Start of DATA TO EXAMINE

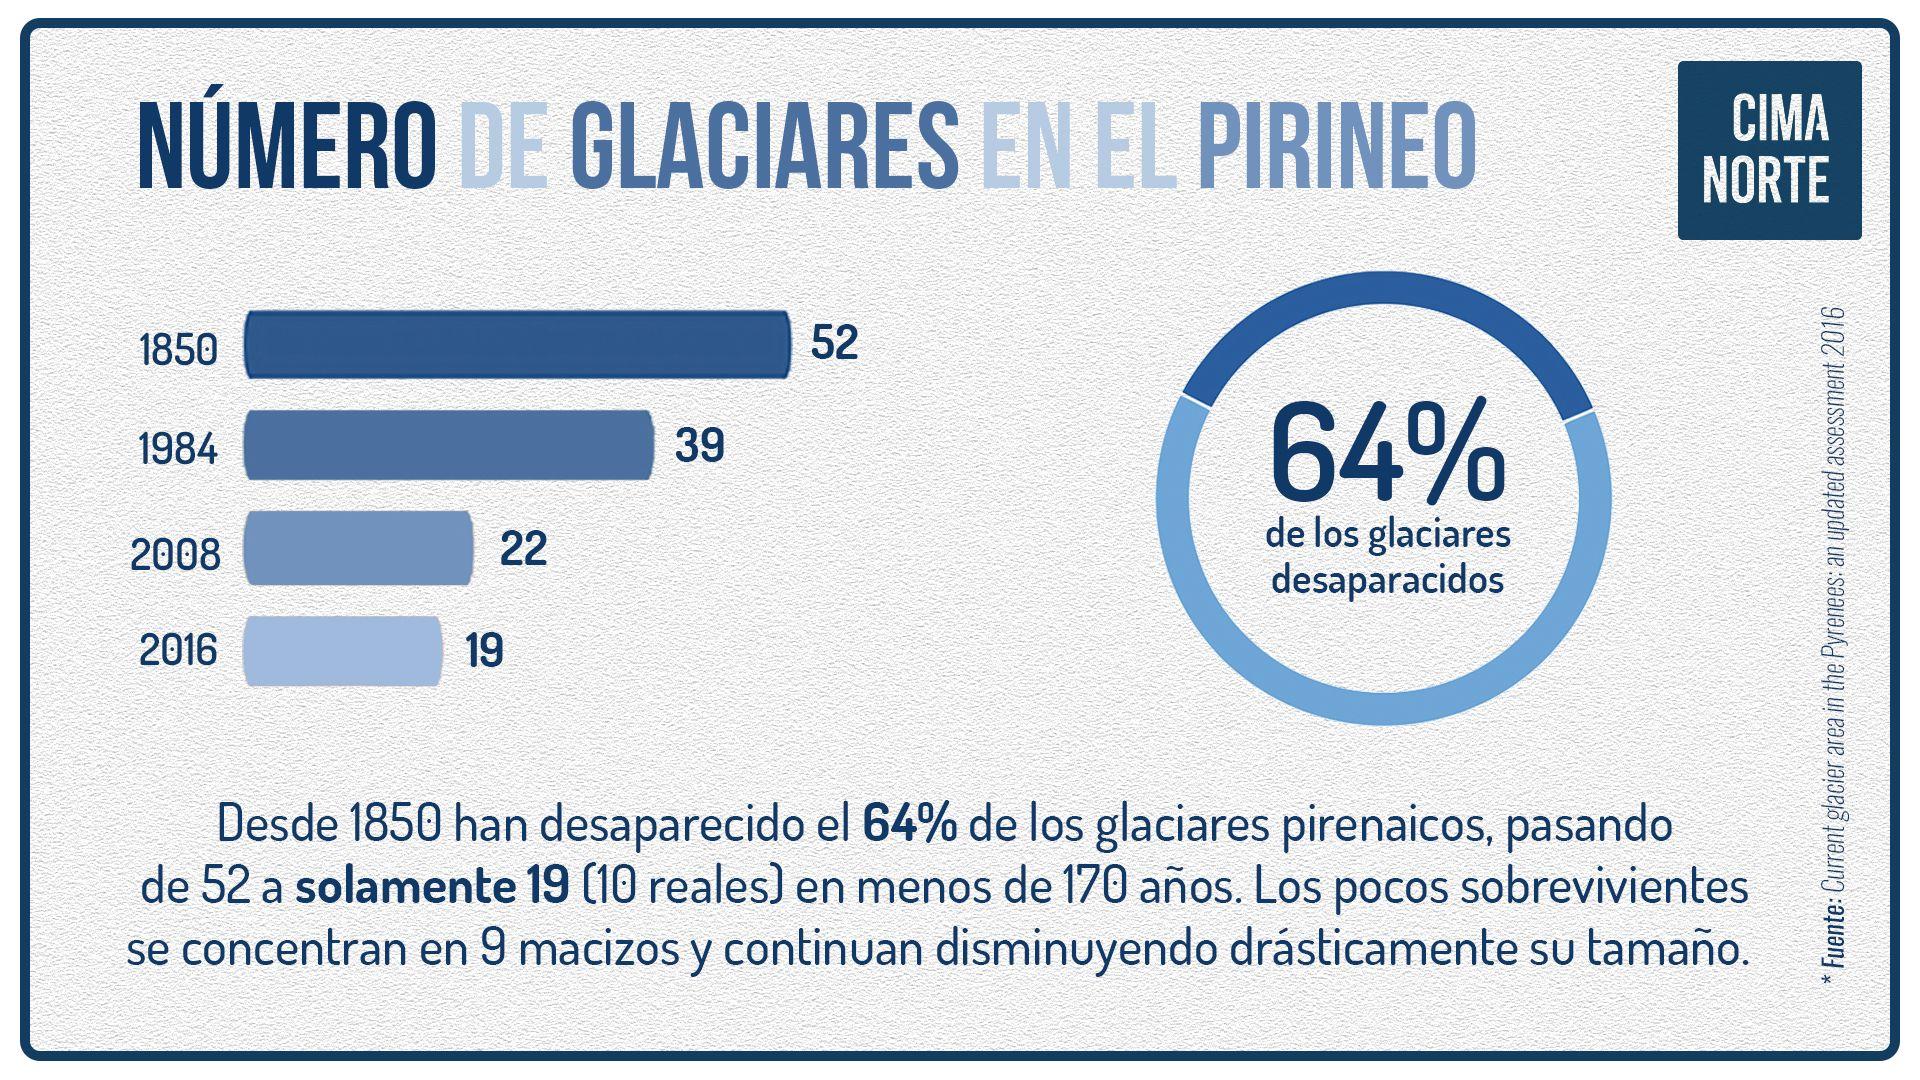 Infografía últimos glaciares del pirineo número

End of DATA TO EXAMINE
Start of DATA TO EXAMINE

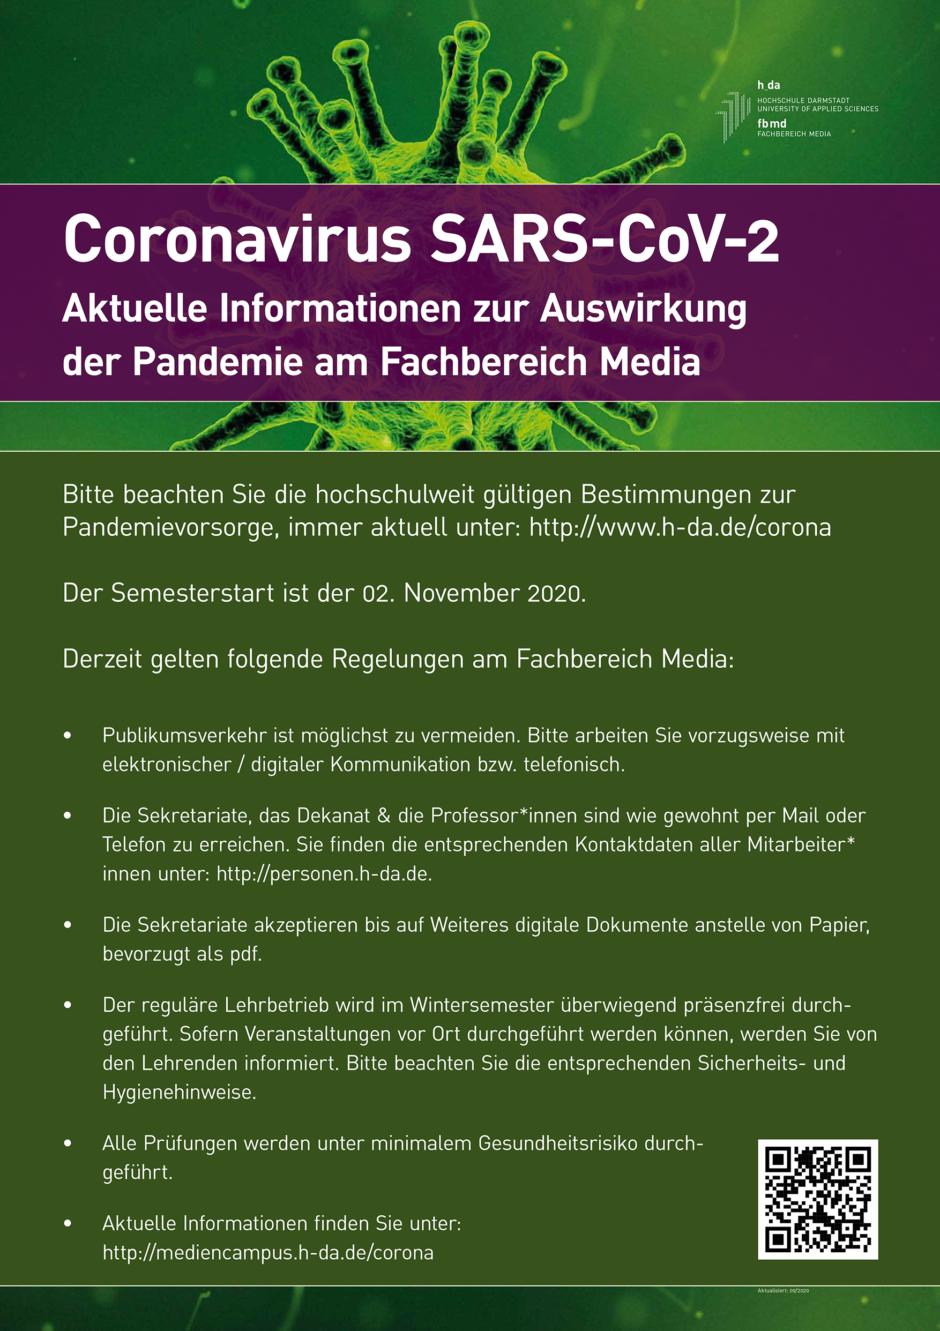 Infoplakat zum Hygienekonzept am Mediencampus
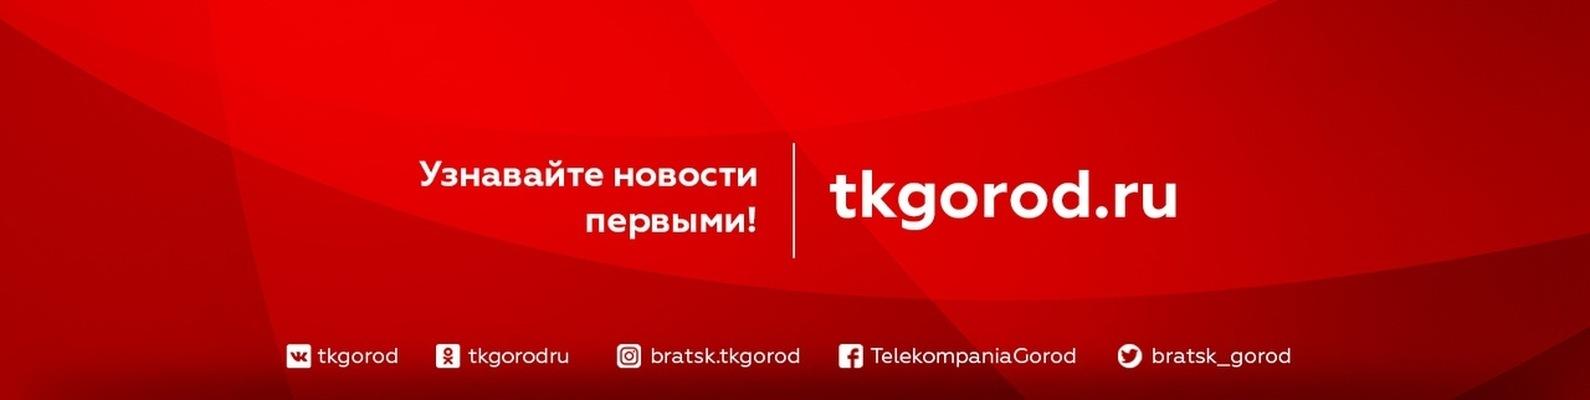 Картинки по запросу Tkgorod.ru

End of DATA TO EXAMINE

» **THE TASK**
The reply should hold exactly the lines above, starting at the line with "Infoplakat zum Hygienekonzept" and ending at the line with "Картинки по запросу Tkgorod.ru", and no pictures.

» **SOLVED PROBLEM**
 Infoplakat zum Hygienekonzept am Mediencampus
 Картинки по запросу Tkgorod.ru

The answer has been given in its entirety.